Howard G. Hawkins, Green Party candidate
While Hawkins’ campaign has released few specifics, it has broadly described his tax approach as promoting a “steeply progressive” individual income tax program, including:
- Graduated wealth tax
- Graduated estate tax
- Higher corporate income taxes
- Progressive carbon tax with rebates to low-to-moderate income taxpayers
- A land value tax on unearned appreciation of land site values due to social investments
Joanne M. Jorgensen, Libertarian candidate
- Jorgensen would allow American workers to opt out of the Social Security payroll tax and divert 6.2% of their wages to an individual retirement account.
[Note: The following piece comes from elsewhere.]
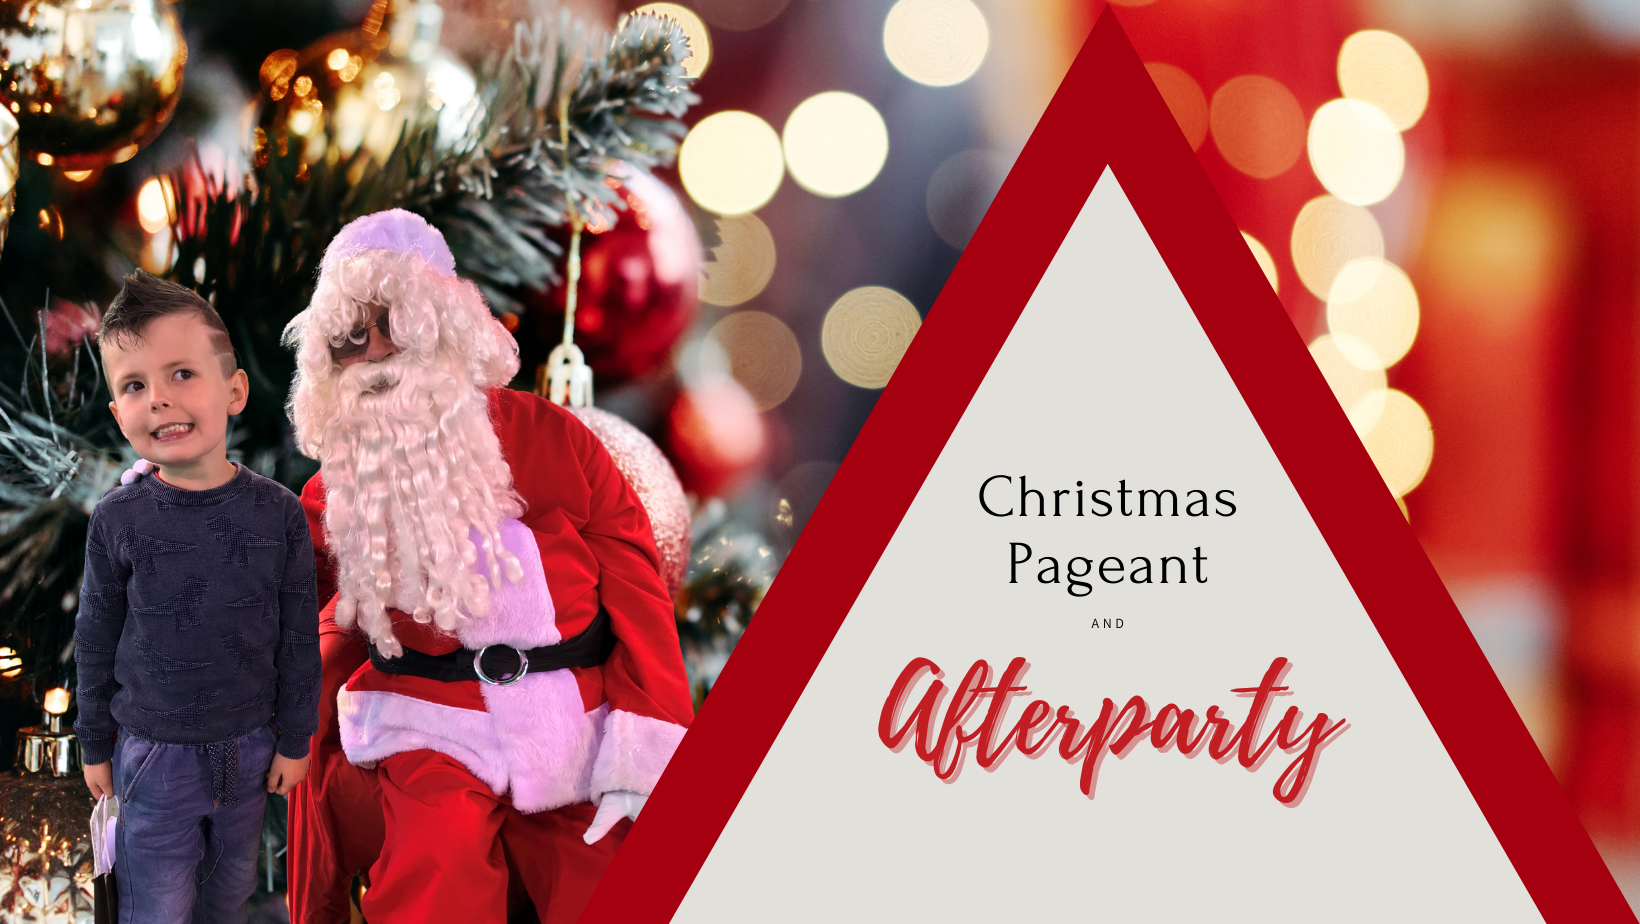 Christmas pageant and after party banner with child standing next to santa

Individuals who did this would not be eligible to receive Social Security benefits at retirement.
- Other than this proposal, Jorgensen has released no specific tax proposals.
Donald J. Trump, Republican candidate
- Trump has discussed modifying the TCJA’s individual tax rates with a 10% middle-class tax cut, which reportedly could include lowering the 22% marginal tax rate to 15%. For 2020, the 22% marginal tax rate applies to income over $40,125 for individuals and $80,250 for married couples filing jointly.
- Extend the individual rates enacted by the TCJA that are scheduled to expire after 2025. In 2026, the individual changes under the TCJA will revert to prior law if no action is taken by Congress.
- Extend the higher standard deduction and other deductions enacted by the TCJA that are scheduled to expire after 2025.
- Extend the current $2,000 child tax credit beyond the TCJA expiration date of 2026.
- Extend the higher estate and gift tax exemptions enacted by the TCJA that are scheduled to expire after 2025.
- Require a dependent to have a Social Security number to be eligible to be claimed for the $500 other dependent credit. Additionally, the Trump proposal would require a taxpayer to have a Social Security number to claim either the child tax credit or the $500 other dependent credit.
- Trump has discussed several changes to the treatment of capital gains taxation, including 1) indexing capital gains for inflation; 2) reducing the top capital gains tax rate from 20% to 15%, and 3) enacting a capital gains tax holiday that eliminates capital gains taxes for an as yet undefined period of time. Under current law, the top tax rate for capital gains and qualified dividends is 20% for income over $441,450 for individuals and $496,600 for married couples filing jointly.
- The Trump tax proposal would enact a new Education Freedom Scholarship Tax Credit, which would provide up to $5 billion worth of income tax credits annually for individual and corporate donations to state-identified not-for-profit scholarship-granting organizations.